USC boasts the largest international student population of any university in the country and is located in one of the nation’s most diverse cities — on Friday, those two worlds came together.
Students from a wide array of countries, including Thailand, China, Australia, Taiwan, Denmark, India, Columbia, Iran and Papua New Guinea, visited Vermont Avenue Elementary School as part of the school’s Literacy Day. Now in its third year, Literacy Day is a chance for elementary school students to interact with people from different countries and cultures, and a chance for USC students to tell children the importance of reading and going to college.
Topics ranging from after school activities to what species of animals live in each country filled each classroom Friday morning as USC students detailed their experiences growing up in other countries.
Leidy Lim, a graduate student studying teaching English to speakers of other languages, said it was fun to watch the children’s reactions as the USC students talked about their cultures.
“They ask so many questions,” Lim said. “The kids are so curious about how life in their country differs from mine. I told them Papua New Guinea doesn’t have theaters, and they were in absolute shock.”
To the kids, the experience is a fun way to learn about a lifestyle outside the United States. But many of the USC student volunteers said they might have learned just as much as the children did.
“It’s a great opportunity not for just the kids, but for us as well to give back to the society,” said Warren Chan, a senior majoring in business administration. “It’s mutually beneficial, and I find it very uplifting.”
Prior to this year, Literacy Day had previously been held at Loren Miller Elementary School. But Brenda Cortez, who is now the principal at Vermont Avenue, heard about USC’s Office of International Students and the International Students’ Assembly and worked with the groups to bring the event to Vermont Avenue.

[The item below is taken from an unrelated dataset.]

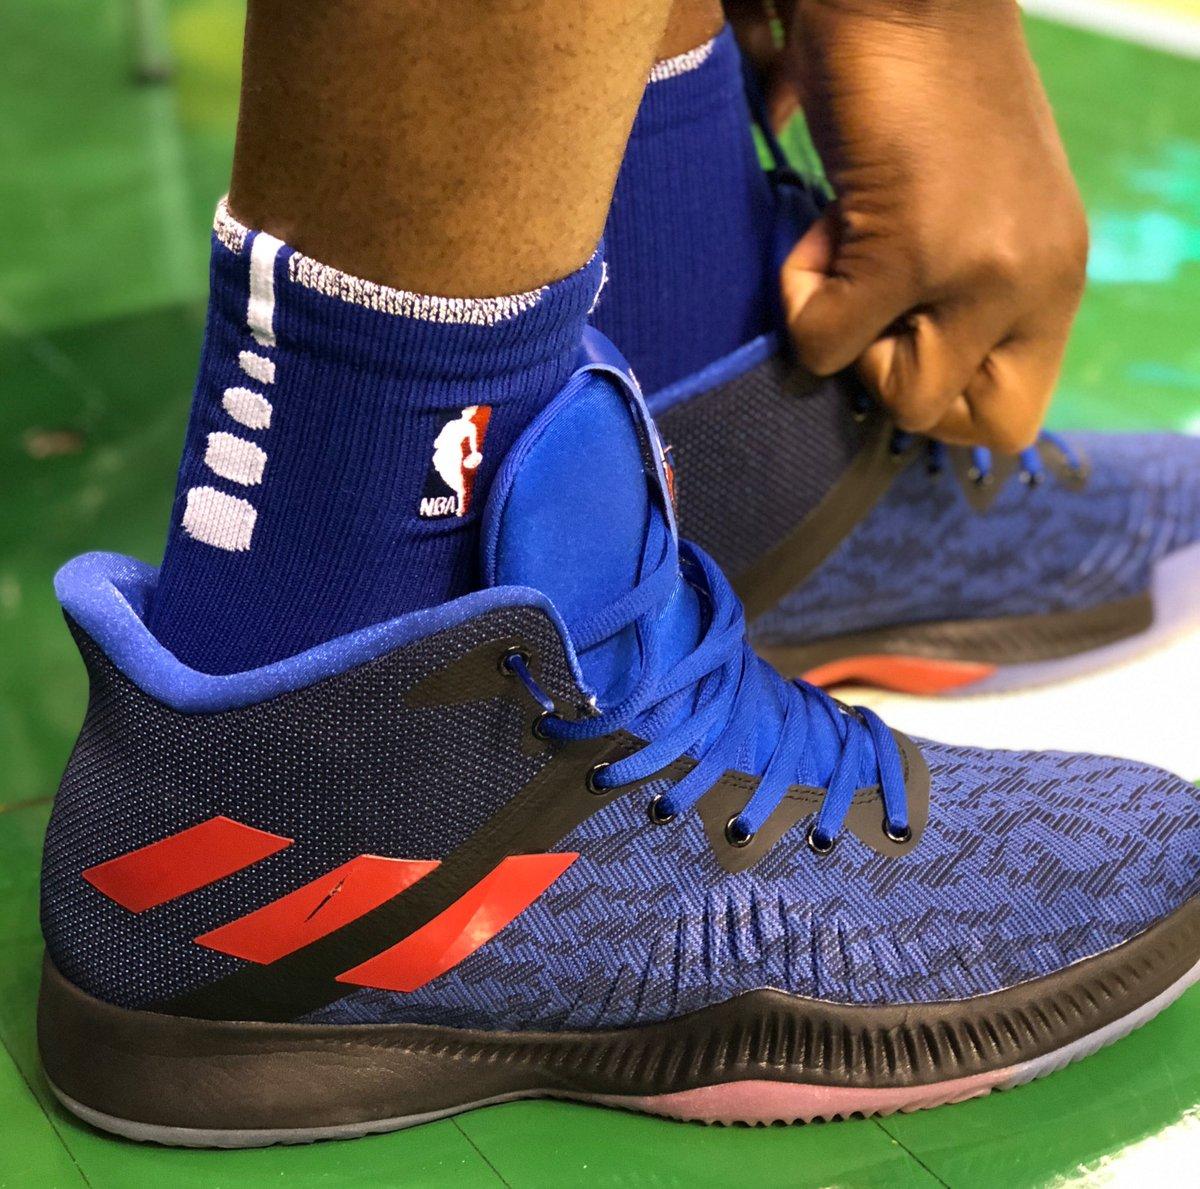 #NBAKicks in Boston for @JoelEmbiid!

Though this is the only outreach program specifically involving international students, OIS and ISA are looking to have a few more days like this at the elementary school. A culture day might be in the works for the future, with students from ISA spending a whole day focusing on teaching kids about traditional food, clothing and societal customs.
Many of USC’s international students, including Xiaoran Wang, a graduate student studying electrical engineering, said they hope the program will be expanded.

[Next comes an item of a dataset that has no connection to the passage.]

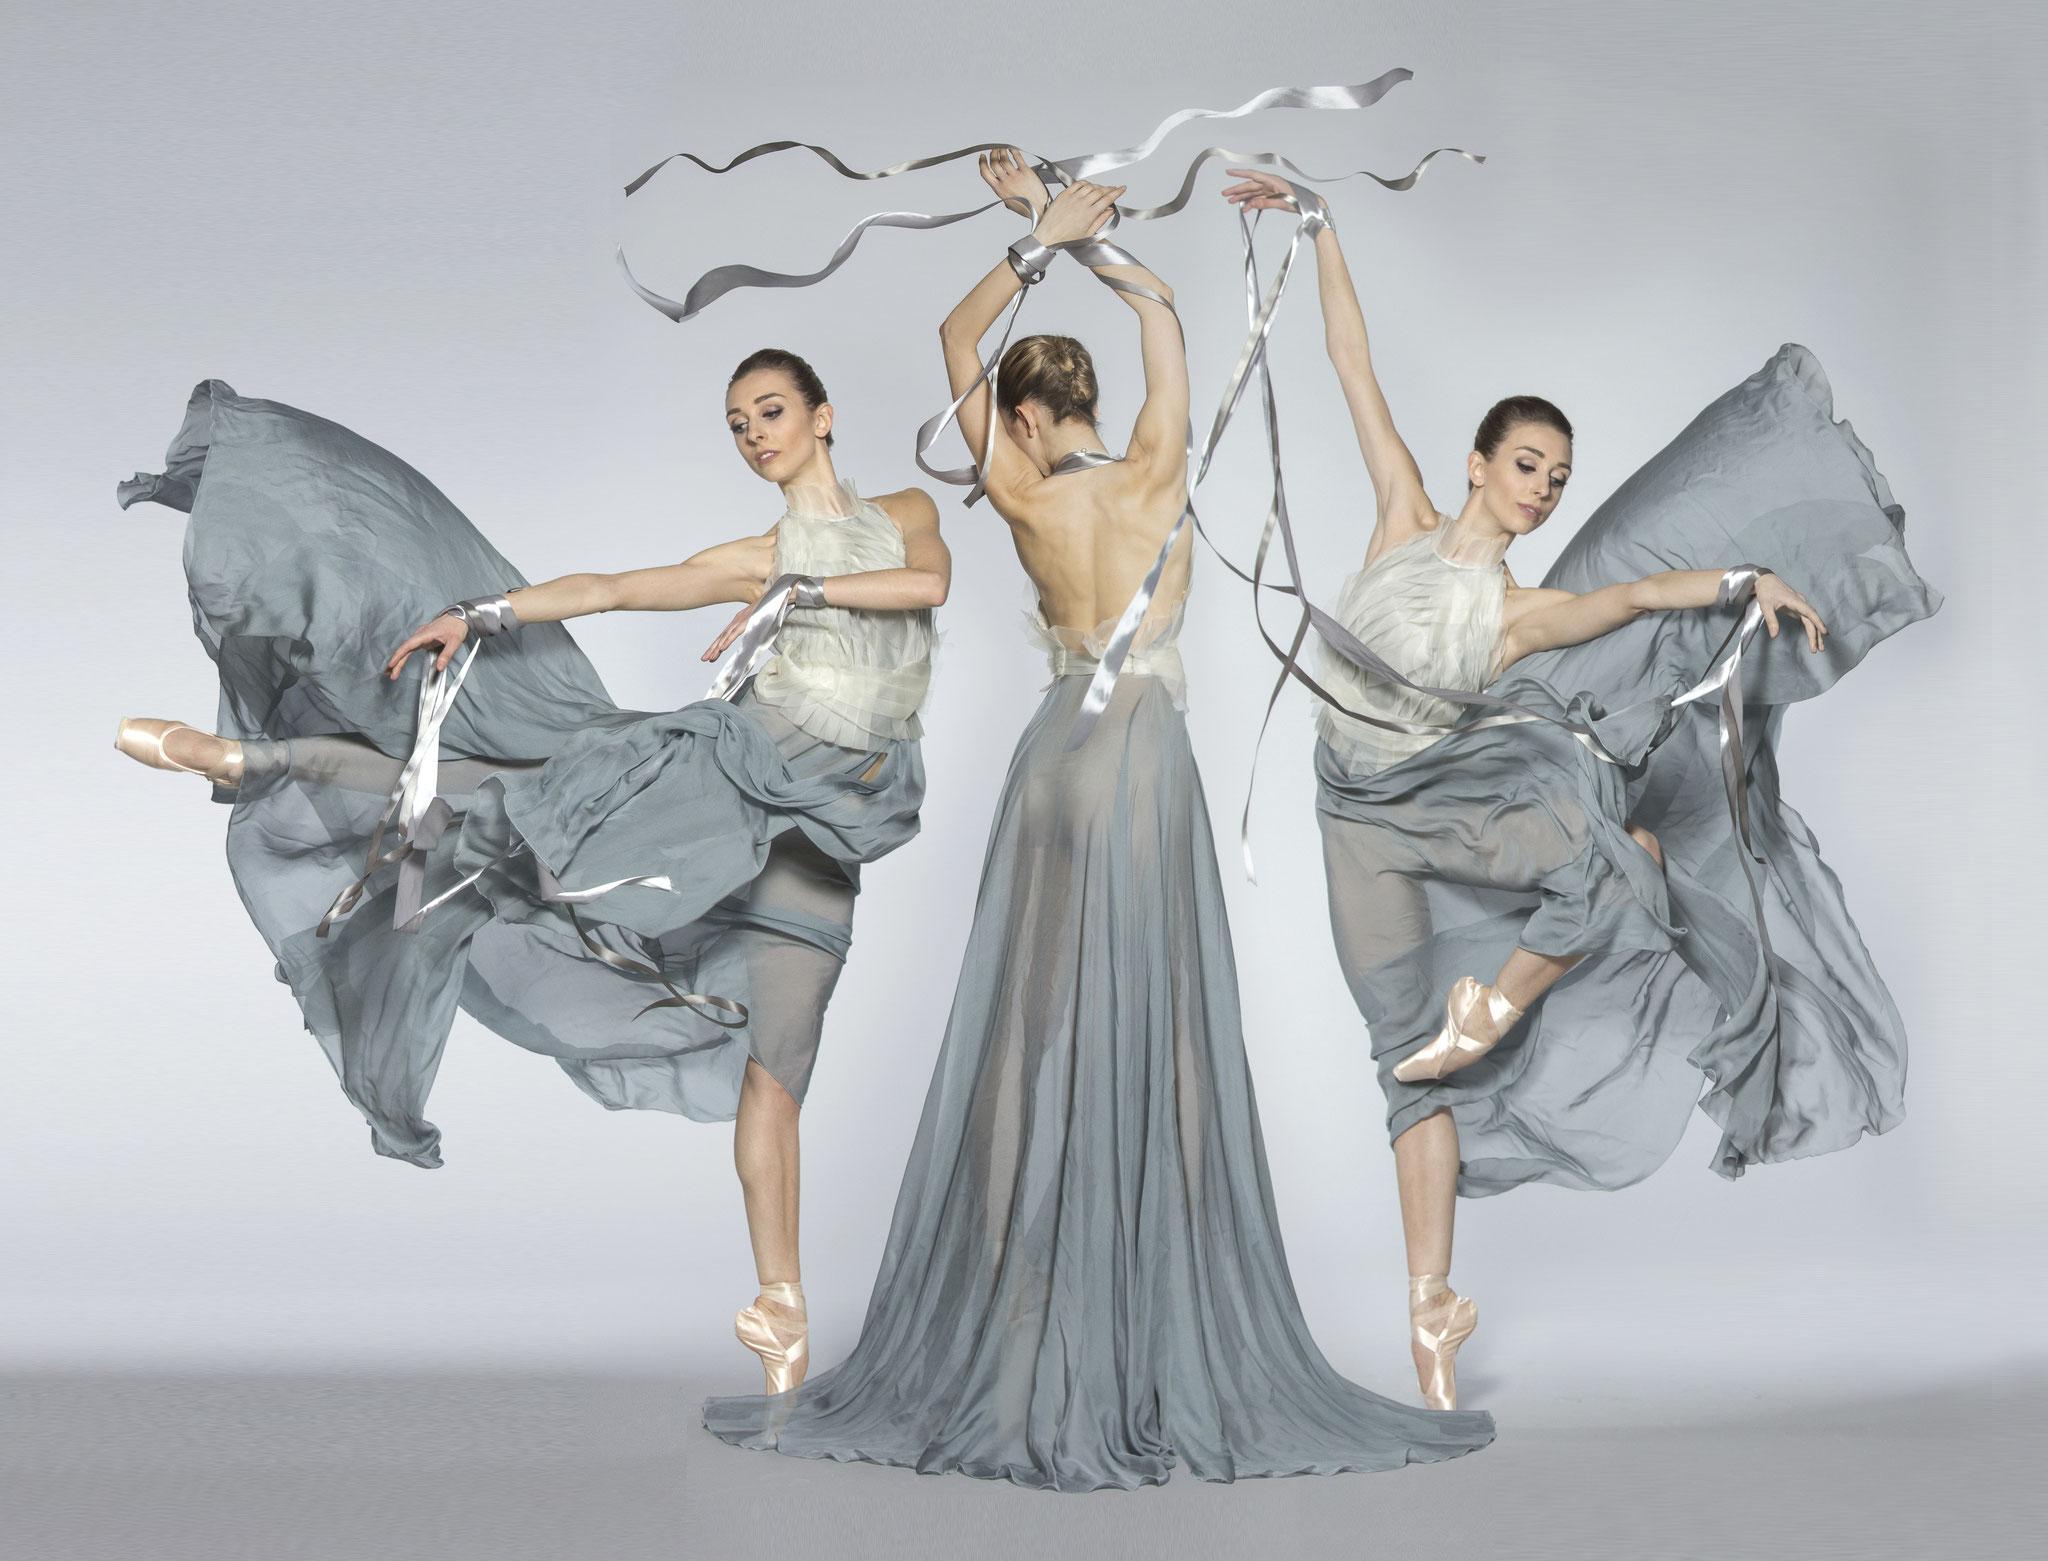 Egressy Orsolya (Hungary - Butterfly dance

“The children just get so excited to see us, and it really makes me happy and makes me think to myself how I could get more involved,” Wang said.
Becky Peterson, international student adviser at OIS, said she sees a great desire among international students to participate in these outreach programs, and she hopes more events of this type will develop.
“The international kids have such huge hearts. To do something like this really showcases how much they really enjoy giving back,” Peterson said.